In the entertainment industry, allegations led to the ousting of actors and directors alike. Most prominently, actor Kevin Spacey, comedian Louis C.K., and filmmaker Brett Ratner had projects canceled following at least six allegations apiece. Over two hundred women accused filmmaker James Toback of sexual harassment. In journalism, allegations led to the expelling of editors, publishers, executives, and hosts. In other industries, celebrity chef John Besh and other executives in finance and public relations were removed. As of November 25, 2017, the Los Angeles Police Department was investigating twenty-eight sex crime cases involving media figures.
Time magazine dubbed the "Silence Breakers" behind the #MeToo movement Time Person of the Year in 2017. American journalists in conversation at NPR wrote of the series of allegations feeling like a tipping point for societal treatment of sexual misconduct, distinguished from prior sexual misconduct public debates by the public trust put in the celebrity accusers, as opposed to prior cases of publicly unknown accusers. Other journalists doubted that the trend would hold.
In April 2018, The New York Times and The New Yorker were awarded the Pulitzer Prize for Public Service "for their coverage of the sexual abuse of women in Hollywood and other industries around the world."
In 2019, the documentary Untouchable was released, featuring interviews from several of Weinstein's accusers, including Rosanna Arquette and Paz de la Huerta. On September 10, 2019, a nonfiction book written by Jodi Kantor and Megan Twohey called She Said: Breaking the Sexual Harassment Story That Helped Ignite a Movement was published, which follows the process of their investigation, both behind the scenes and in public.
The "Me Too" campaign spread to other countries and languages over social media in Asia, Europe, Latin and North America.
In North America, Canadian comedy festival founder Gilbert Rozon resigned and over a dozen individuals accused Quebec television host and producer Éric Salvail of sexual misconduct.

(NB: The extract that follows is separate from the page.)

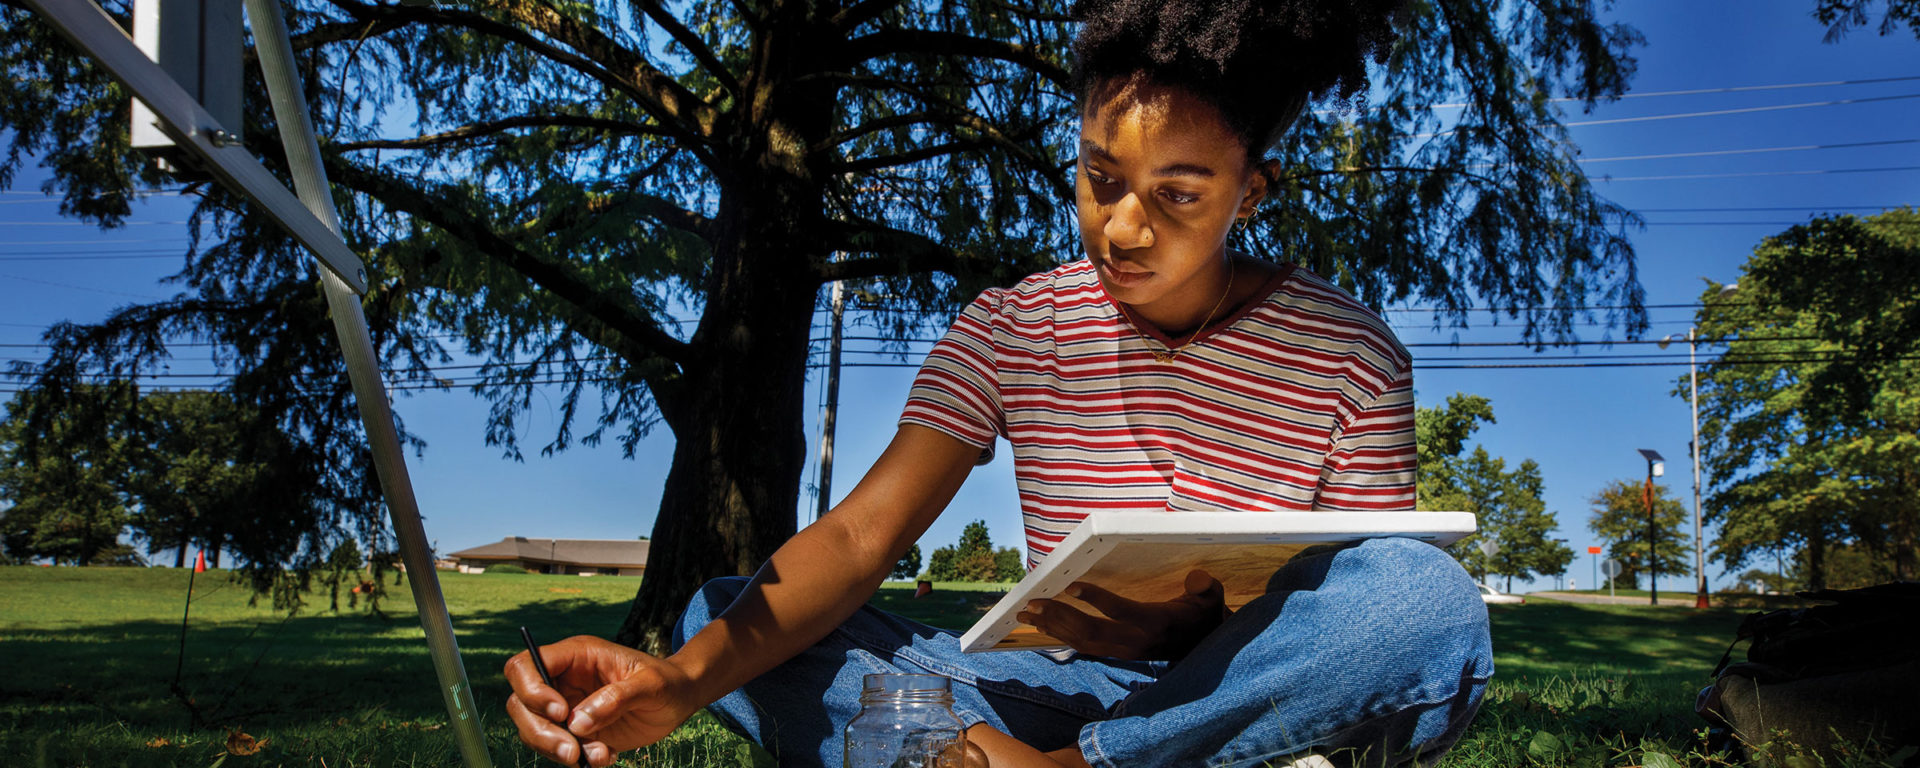 A Black woman sits under a tree and paints on a canvas in an outdoor art class

In Europe, allegations against multiple British politicians created a public scandal and led to the suspension and resignations of three officials. In France, political organizations close to the Socialist Party, in particular the Union Nationale des Étudiants de France (UNEF), were accused of systemic sexual harassment. The French daily newspaper Le Monde published in November 2017 two articles on alleged sexual harassment and predation supported by former UNEF presidents, Jean-Baptiste Prévost and Emmanuel Zemmour. In an editorial, more than eighty UNEF female members and militants came forward to accuse the Union of "sexual violence".